Murky Militias in Forgotten Provinces Reveal Why Afghanistan War Isn’t Over

Ghor can be viewed as a microcosm of the layered complexity of Afghanistan.

By Ben Acheson

Afghanistan’s blame-game continues. Six months on and accusations still fly about who collapsed the Republic: U.S. negotiator Zalmay Khalilzad and his dodgy withdrawal deal with the Taliban? U.S. President Joe Biden for sticking with the Trump-era decision to withdraw? Or former Afghan President Ashraf Ghani for fleeing the Presidential Palace and inviting the Taliban to take Kabul by doing so?

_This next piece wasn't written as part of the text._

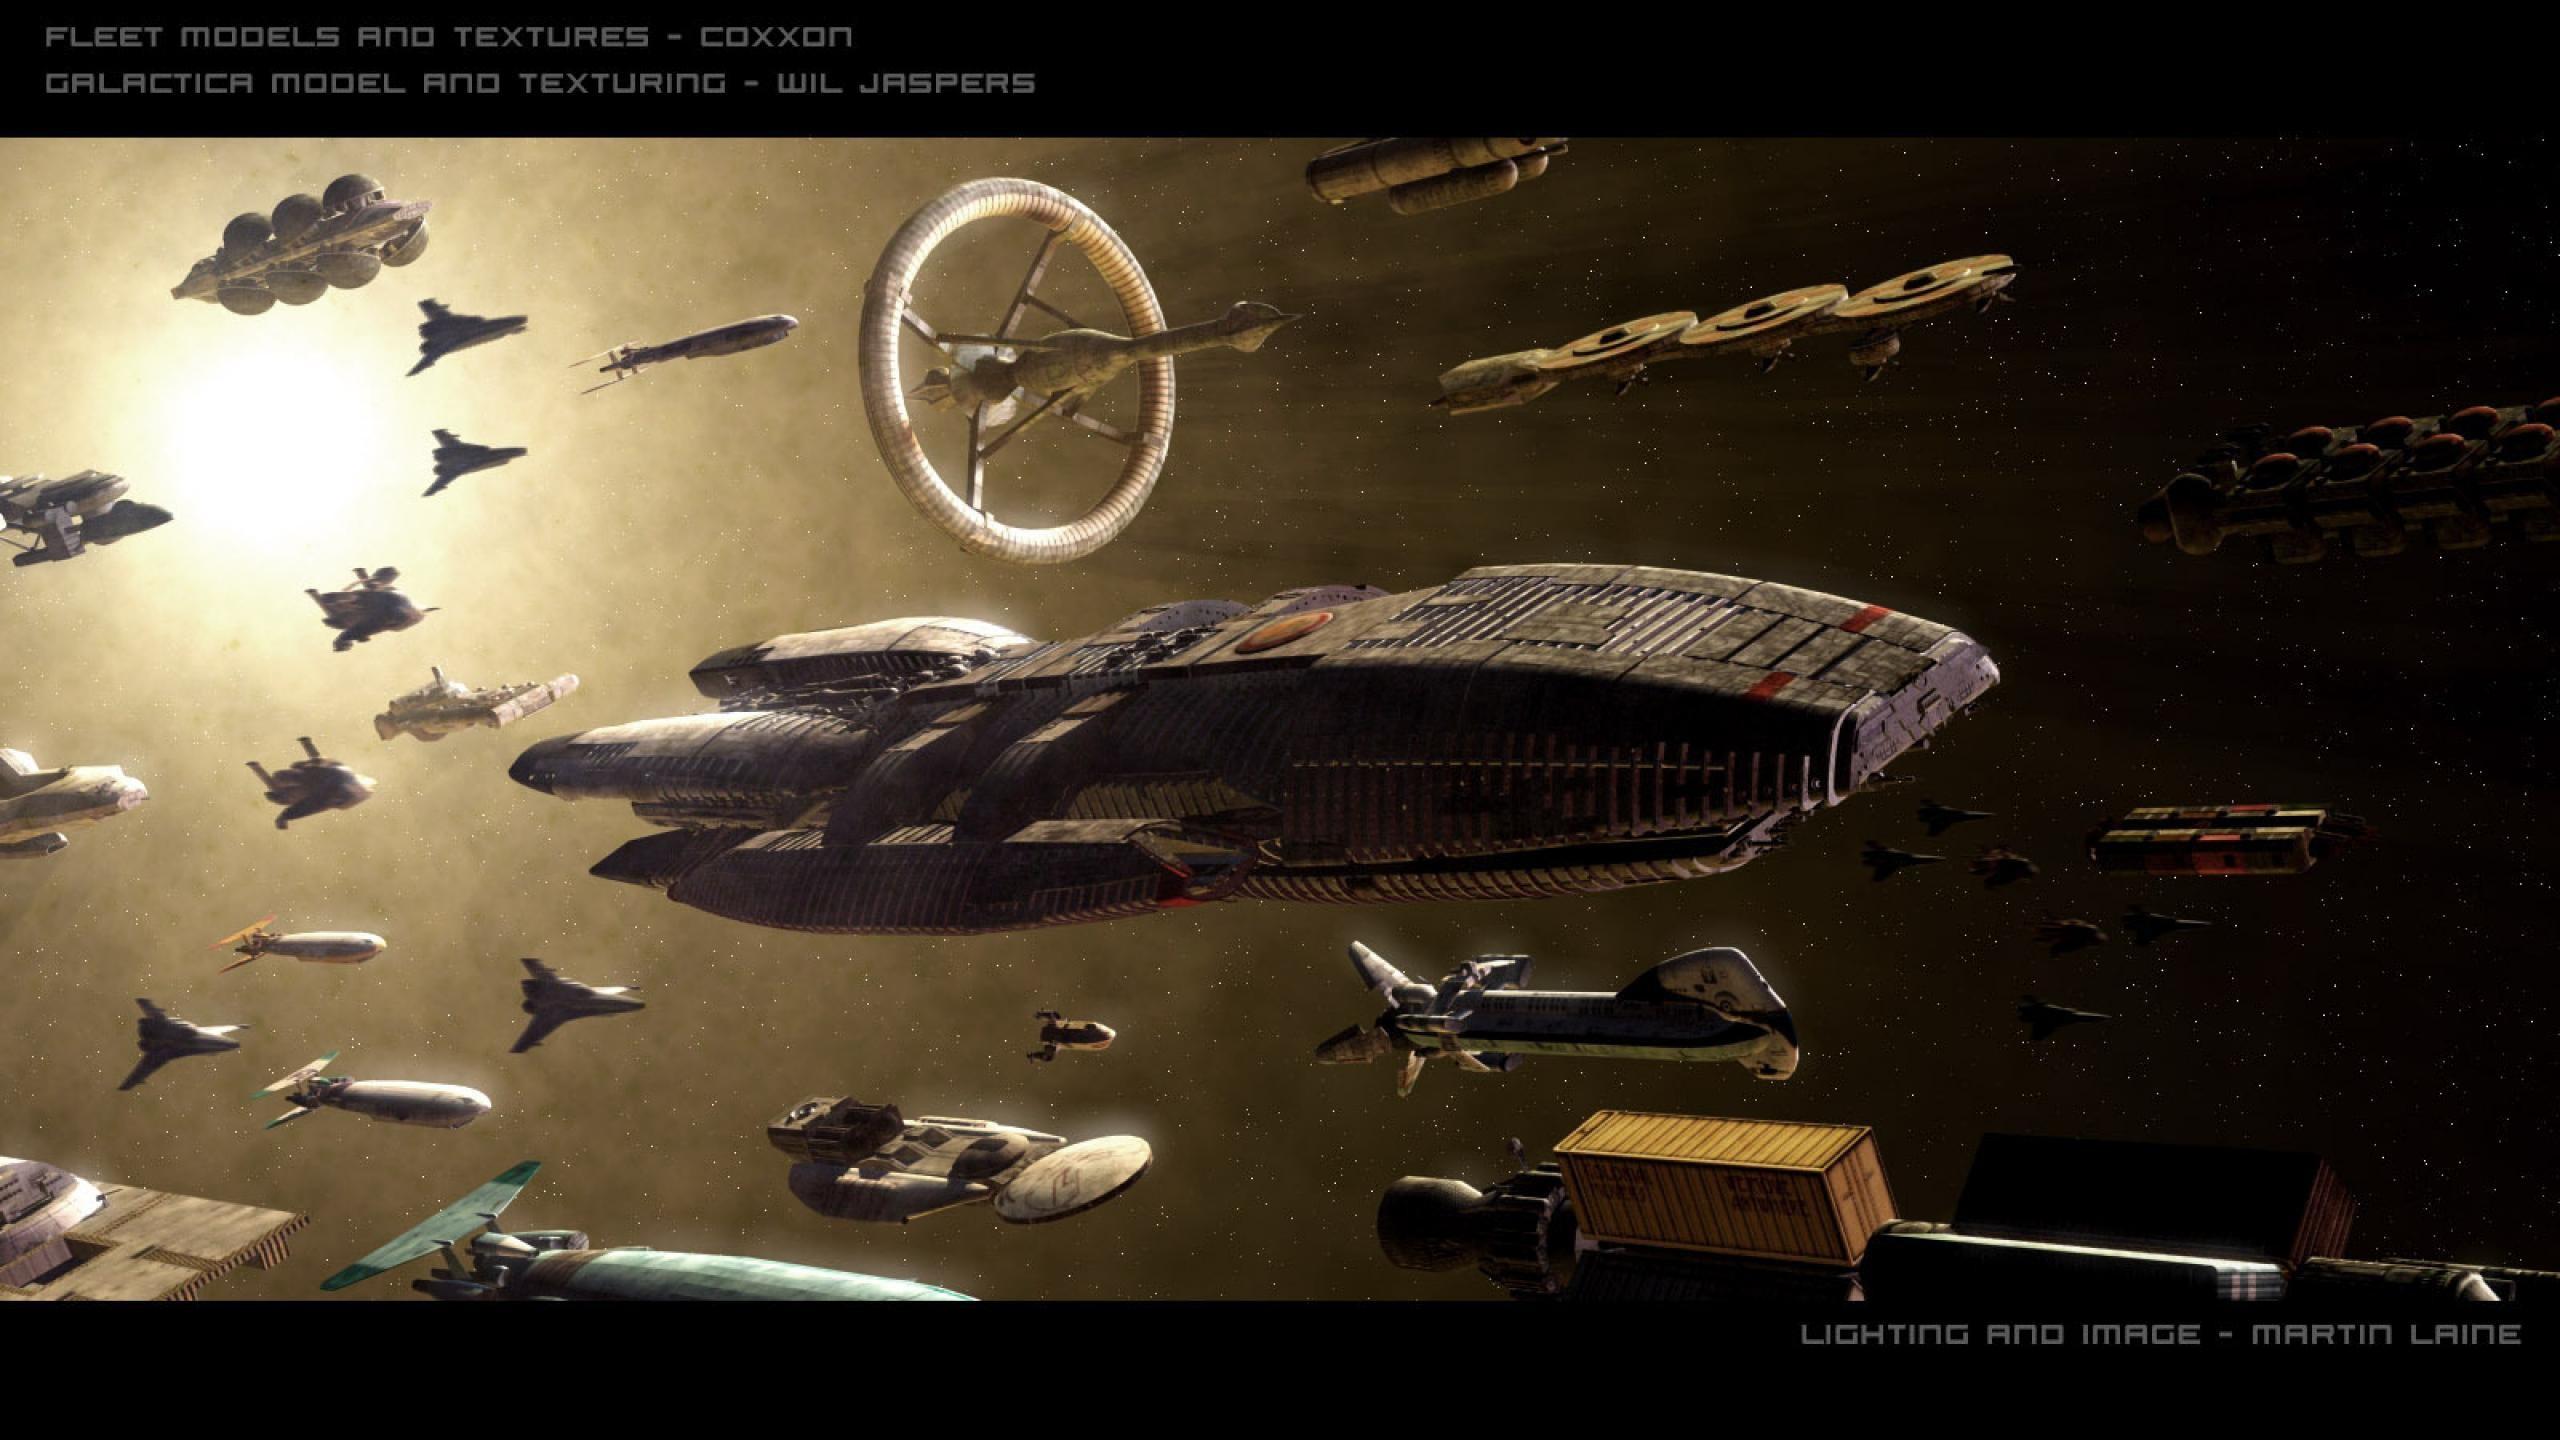 the caravan bsg fleet battlestar galactica #mQ8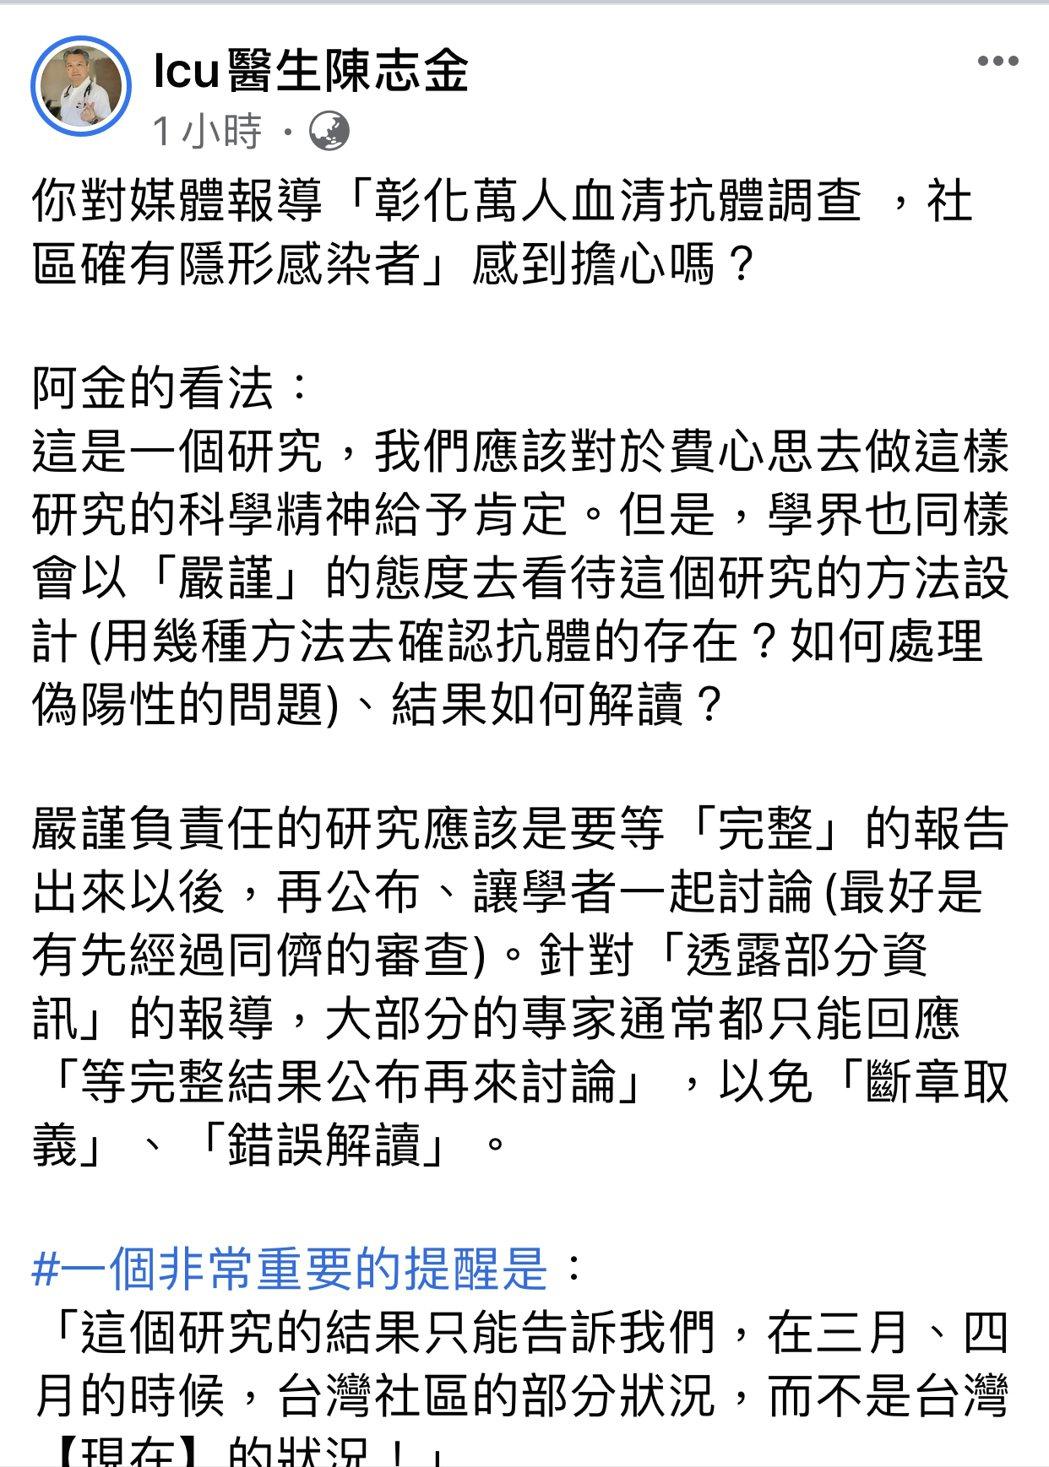 台南奇美醫院加護醫學部醫師陳志金在臉書發表對彰化血清檢驗的看法。圖/取自臉書

While there is truth in each narrative, change in Afghanistan is rarely down to one person or decision. Blaming collapse on such a small set of actors also continues the tendency to explain Afghanistan by assessing only a surface-level snapshot of Kabul politics or Western decisionmaking. It neglects the myriad of other layers, particularly the local dynamics that shape what happens everywhere outside of the Presidential Palace.

Ghor province is a perfect example. Neither a Taliban hotspot nor a battleground for national politics, it was perceived to be peaceful and rarely received much international or Afghan attention. But Ghor was neither peaceful nor unimportant. The Taliban recognized Ghor’s strategic value and deliberately manipulated local dynamics to facilitate their spread into a traditionally non-Taliban area – a strategy replicated across Afghanistan and a reason why the Republic collapsed so swiftly in 2021.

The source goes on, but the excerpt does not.